Emergency and disaster management briefing for January 11, 2021: Naval divers have found aircraft debris and human body parts from the crash of Flight SJ182 in Indonesia; Central Texas received up to six inches of snow on Sunday; new information allegedly points to the Russian FSB in the SolarWinds hack; ensuring the well-being of people with disabilities is critical during disaster response; 20 people, include 12 children, were rescued after their sailboats capsized off Santa Cruz Harbor; vog is forecast as trade winds return amid the ongoing eruption of the Kilauea Volcano; an earthen dam in Berea, Ohio, is undergoing emergency repairs to prevent its possible failure; and record high temperatures forecast for Southern California increase fire weather concerns.
1) Four minutes after takeoff out of Pontianak, West Kalimantan, Indonesia, Flight SJ182 disappeared off radar. The Sriwijara Air flight, operated by a Boeing 737-500, departed Soekarno-Hatta International Airport on Saturday and was carrying 62 souls on board when it crashed into the Java Sea. Naval search teams have located debris, along with human body parts, that are suspected to be from the downed aircraft.
2) Central Texas received several inches of snow Sunday afternoon, which knocked out power to thousands of customers across the region. The National Weather Service (NWS) issued a winter storm warning through midnight on Sunday, for at least six counties, noting that up to six inches of snow could fall in the region.
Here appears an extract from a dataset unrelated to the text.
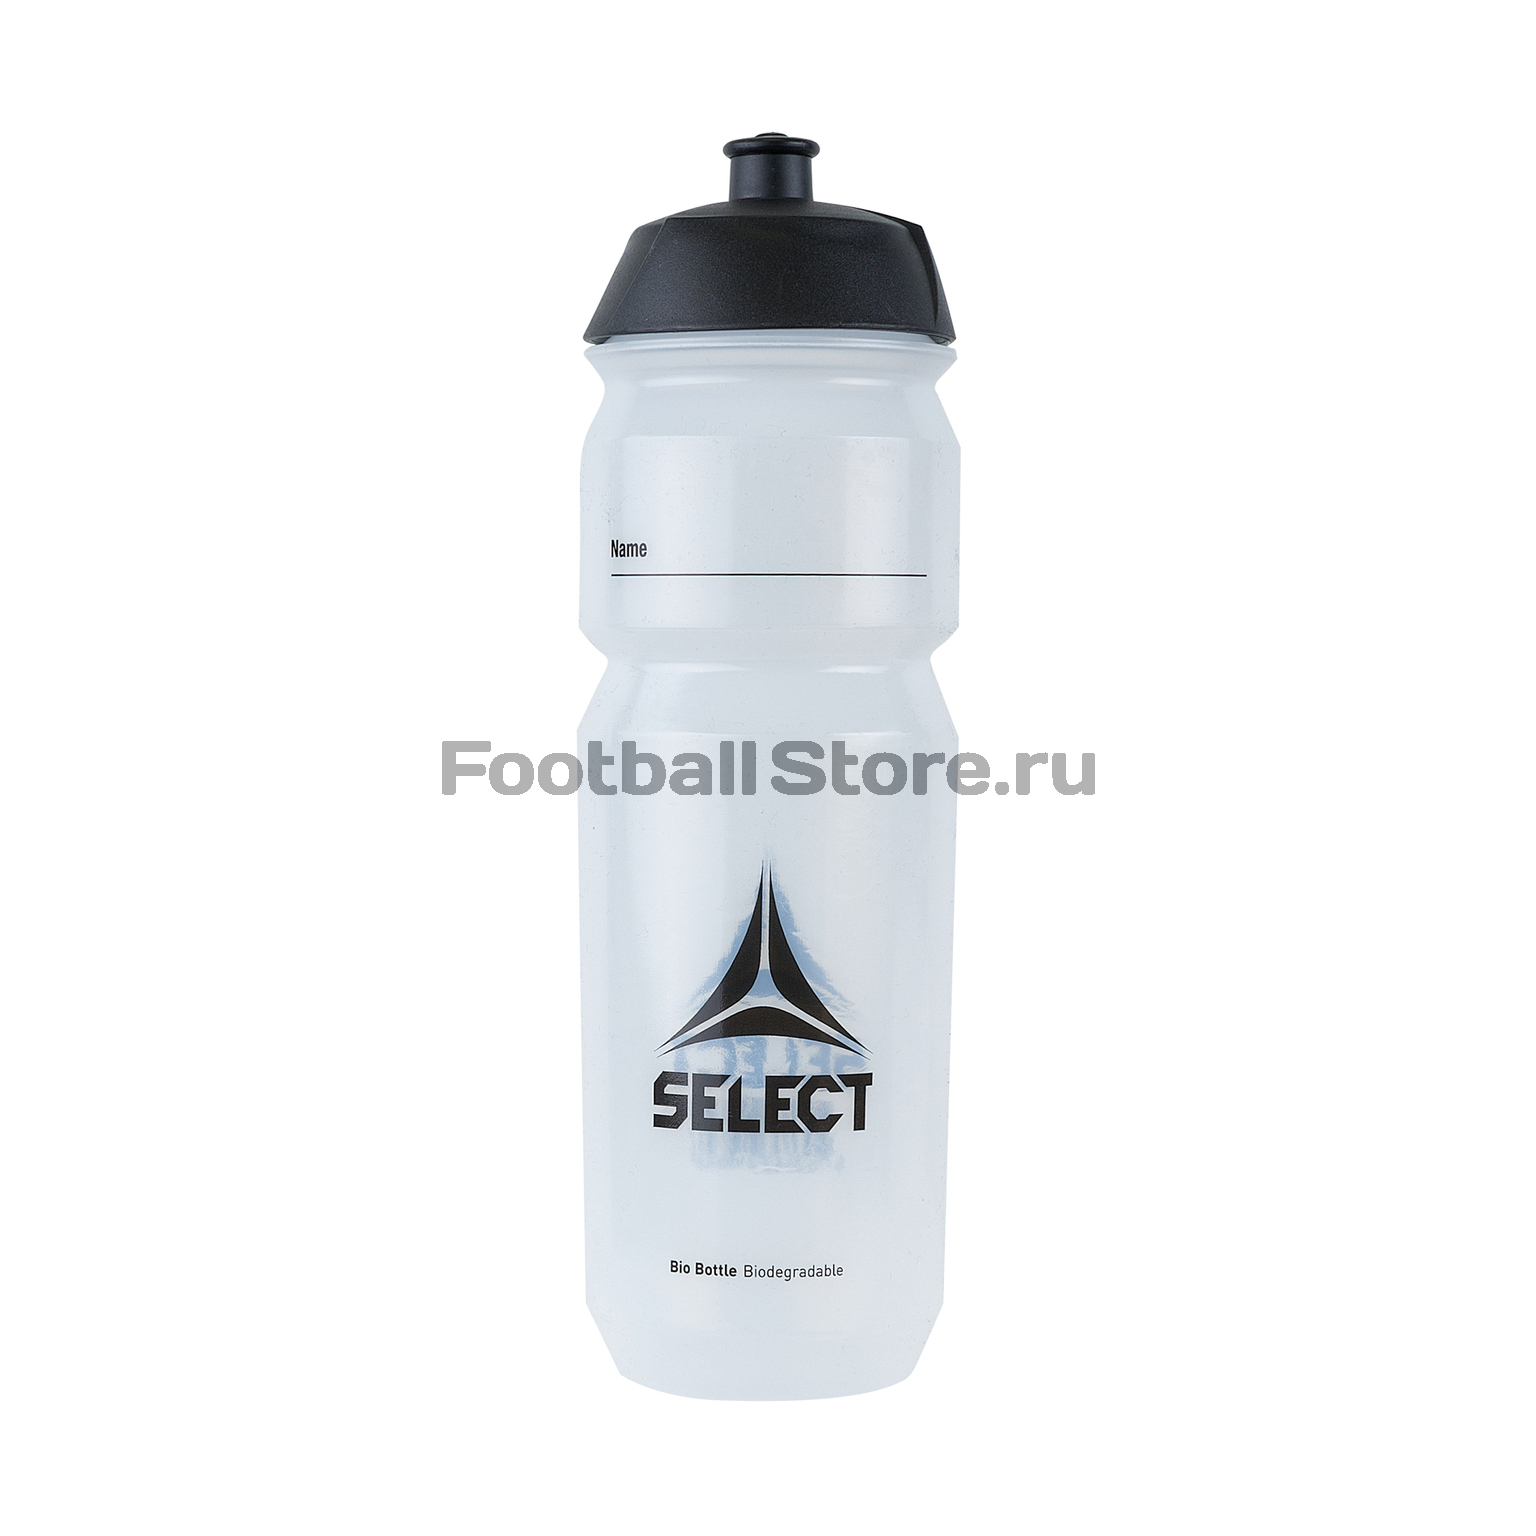 Бутылка для воды Select арт. 700806 цена

The unusual snowfall prompted school closures on Monday, although warming temperatures beginning on Monday are likely to melt the snow quickly.
3) New information regarding the SolarWinds hack suggests that the malware used may be tied to a hacking group known as “Turla.” According to Kaspersky — a Moscow-based cybersecurity firm — the backdoor used by the hackers was likely done on behalf of Russia’s Federal Security Service (FSB). Estonian authories pointed out the connection, and Kaspersky noted that three characteristics of a hacking tool, “Kazuar,” appear to have been present in the SolarWinds hack.
4) When disasters strike, those with disabilities may face life-threatening circumstances, such as a loss of power for life-sustaining medical equipment. Ensuring their well-being is critical during response efforts, and research shows that they are disproportionately affected by a disaster. It is imperative to ensure planning efforts include listening to the needs of those with disabilities, and also to bring community, health, and support workers to disaster planning tables, as they have a wealth of information on how to best support those with disabilities.
5) Multiple sailboats capsized outside the Santa Cruz Harbor on Sunday afternoon amid dangerous and rough surf. The incident occurred when four boats were struck by a large wave, tossing 20 people — including 12 children — into the ocean. Rescue crews and surfers were able to quickly rescue everyone from the dangerous waters, and no injuries or deaths were reported.
6) Increased vog from the Kilauea Volcano is expected over West Hawaii areas due to trade winds that have returned to the region. According to the Vog Measurement and Prediction Project at the University of Hawaii at Manoa, the vog will affect North and South Kona districts, along with Ka’u. SO2 (sulphur dioxide) emissions also remain elevated, and lava activity is ongoing, but confined within the Haleamaumau crater.
7) An earthen dam in Berea, Ohio, is undergoing emergency repairs to prevent its possible failure. The Coe Lake dam has been eroding slowly over time, and a 100-foot section recently opened up, allowing water to flow back and forth between Baldwin Creek and Coe Lake. The back-and-forth flow has increased the erosion, which has reduced the lake by nearly 14 inches or about 10 million gallons. The reservoir is the backup water supply for the city, and the emergency repairs will be followed up by a more extensive repair at a later date.
8)Record high temperatures are set to move into Southern California later in the week, increasing the fire danger risk. Mild Santa Ana winds moved into the area on Sunday and were expected to last into Tuesday, slightly elevating the fire risk. Offshore winds are predicted through the end of the week with the temperature increase, which is likely to elevate fire concerns throughout the region once again.